The implication: putting more into a well-structured system prompt is often cheaper than loading it piecemeal, because it’s cached once and reused many times. The architecture of your project instructions is also a cost architecture.

The Through-Line

Read the list again. Context management is a file organization problem. RAG is a search problem. Tool use is an API design problem. Structured outputs are a schema problem. Agentic loops are a workflow design problem. Evals are a testing problem.

Every AI concept, when it touches real code, becomes a software engineering problem. The developers who will get the most out of AI-assisted development are not the ones who understand transformers best. They’re the ones who can recognize which software problem each AI concept reduces to, and then solve that problem well.
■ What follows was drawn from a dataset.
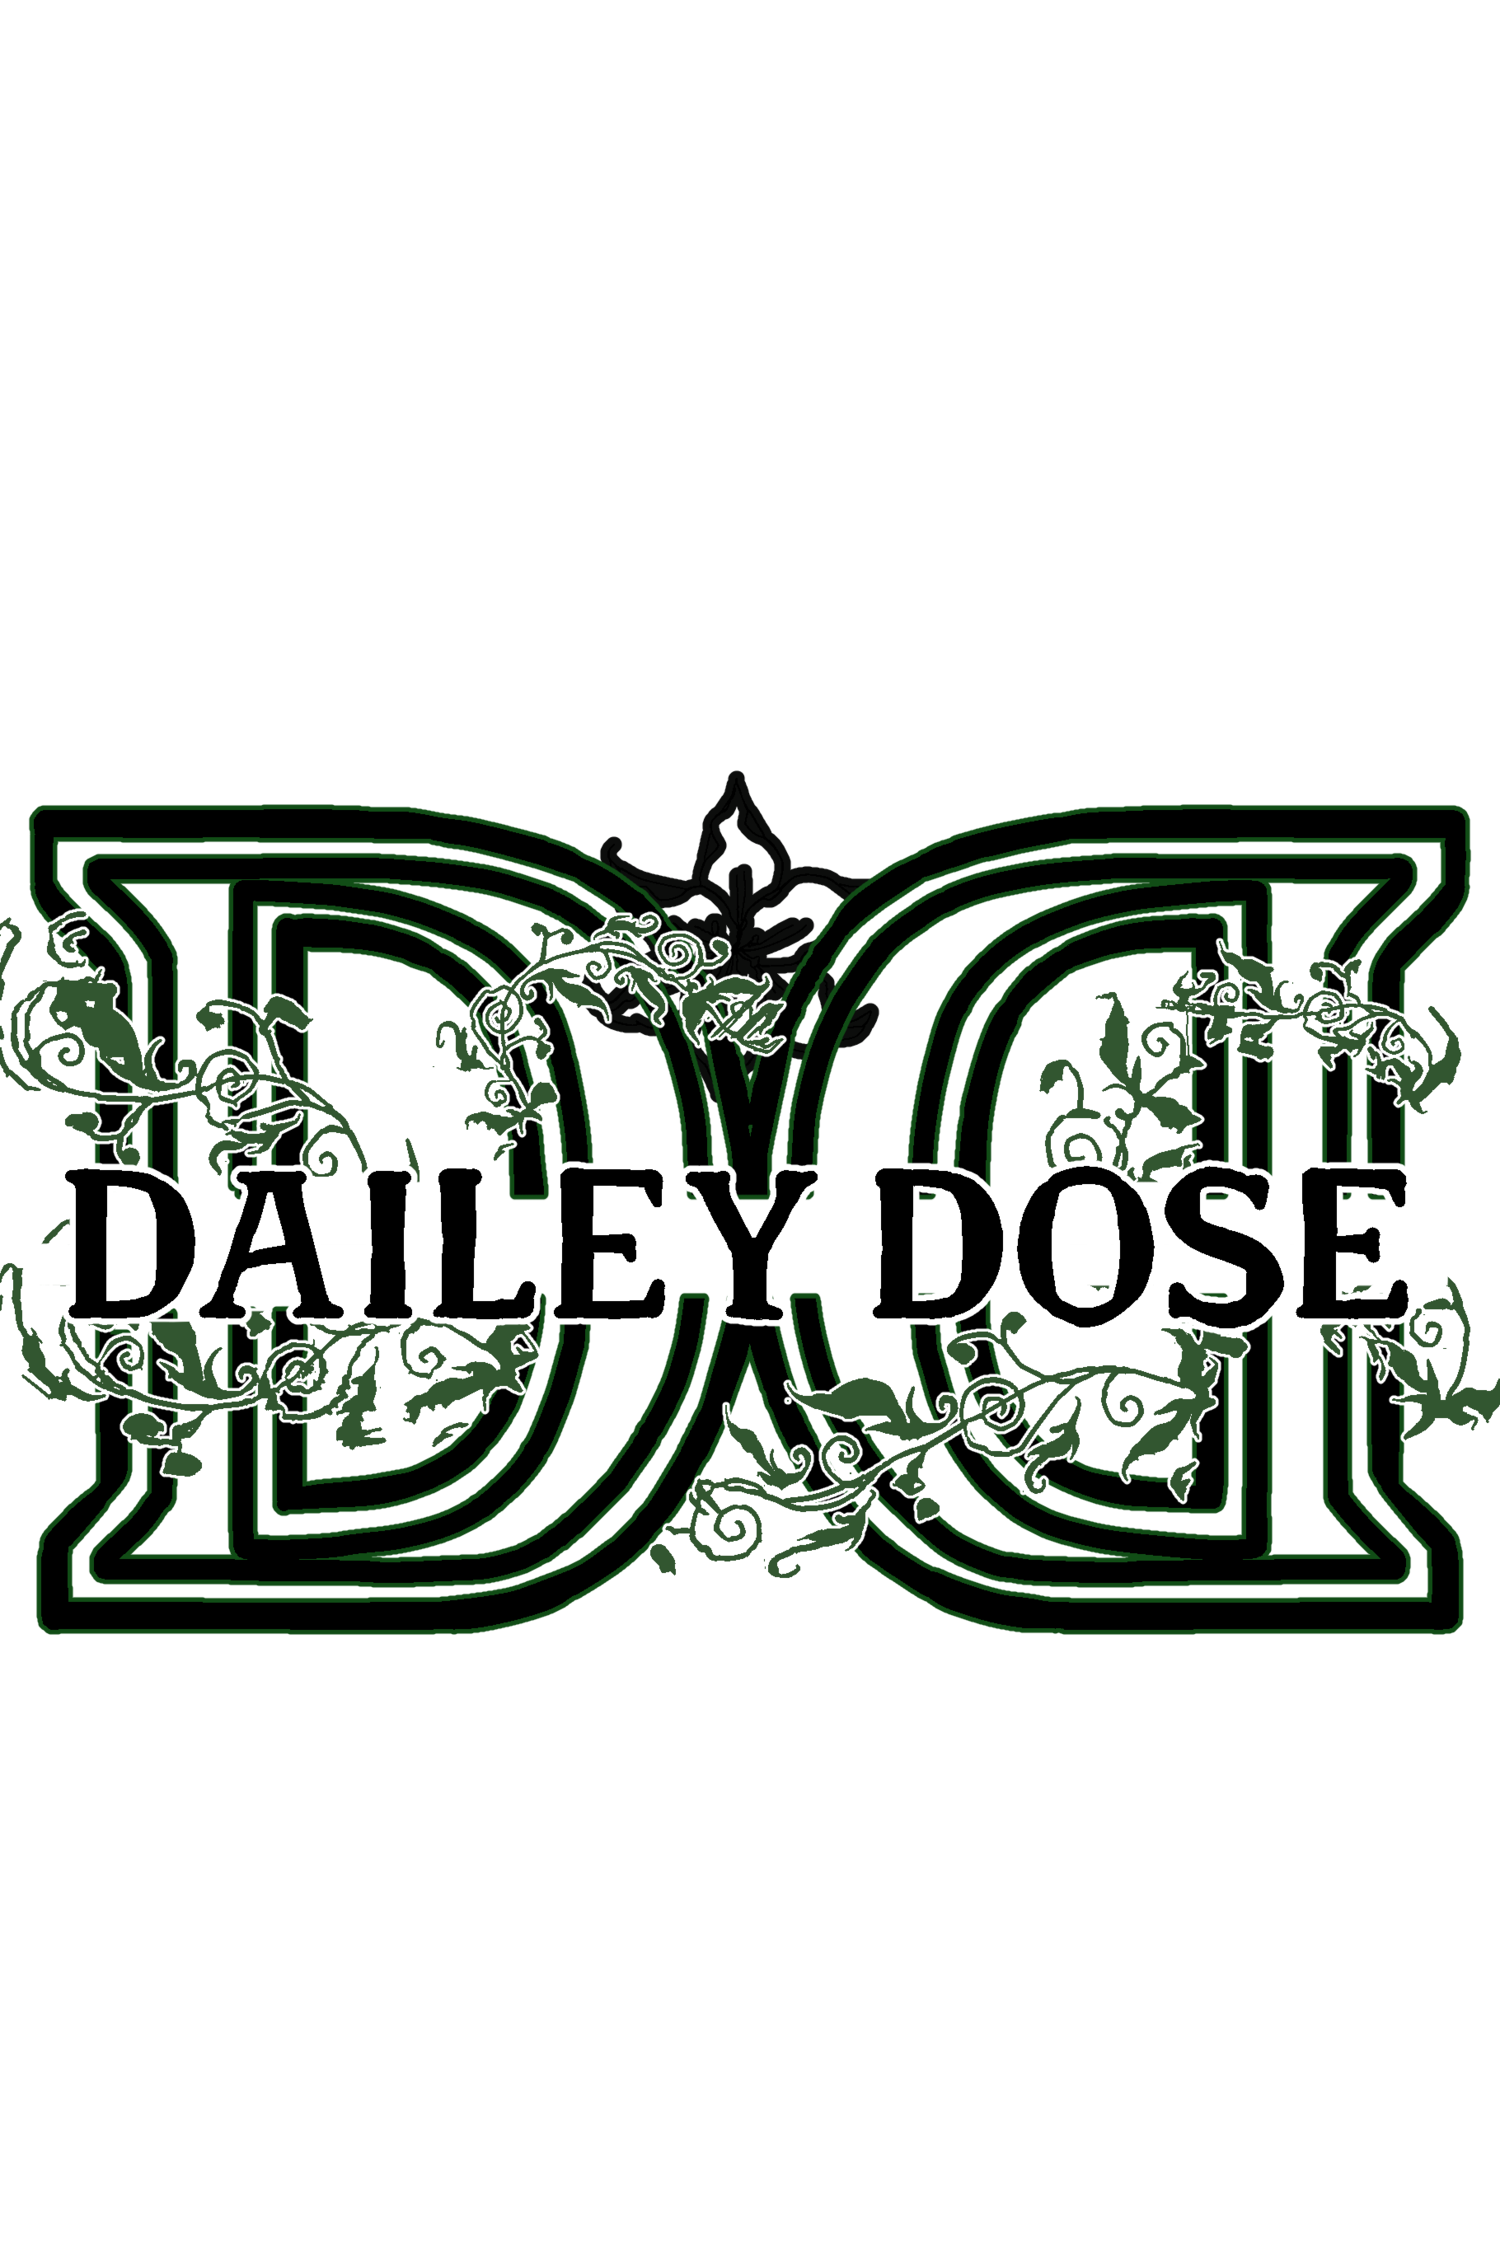 Dailey Dose

That’s what this series is about.

How to Read It

The articles are mostly self-contained. You can read them in order or jump to the topic you’re facing.

A few landmarks:

If you’re starting a new AI-assisted project: 001 (instructions), 003 (framework prompt), 013 (directory layout)

If you want less LLM dependency: 011 (NLP contracts), 012 (code for machines), 014 (dar inspect)

If you’re building AI tooling over a framework: 017 (adapter pattern), 018 (write tools), 014 (inspect layer)

If you want AI-verifiable apps: 009 (AI-testable design), 010 (DSL layer), 015 (PageDef autofill)

All code examples are from DarJS. The patterns transfer to any framework that takes itself seriously enough to be worth wrapping.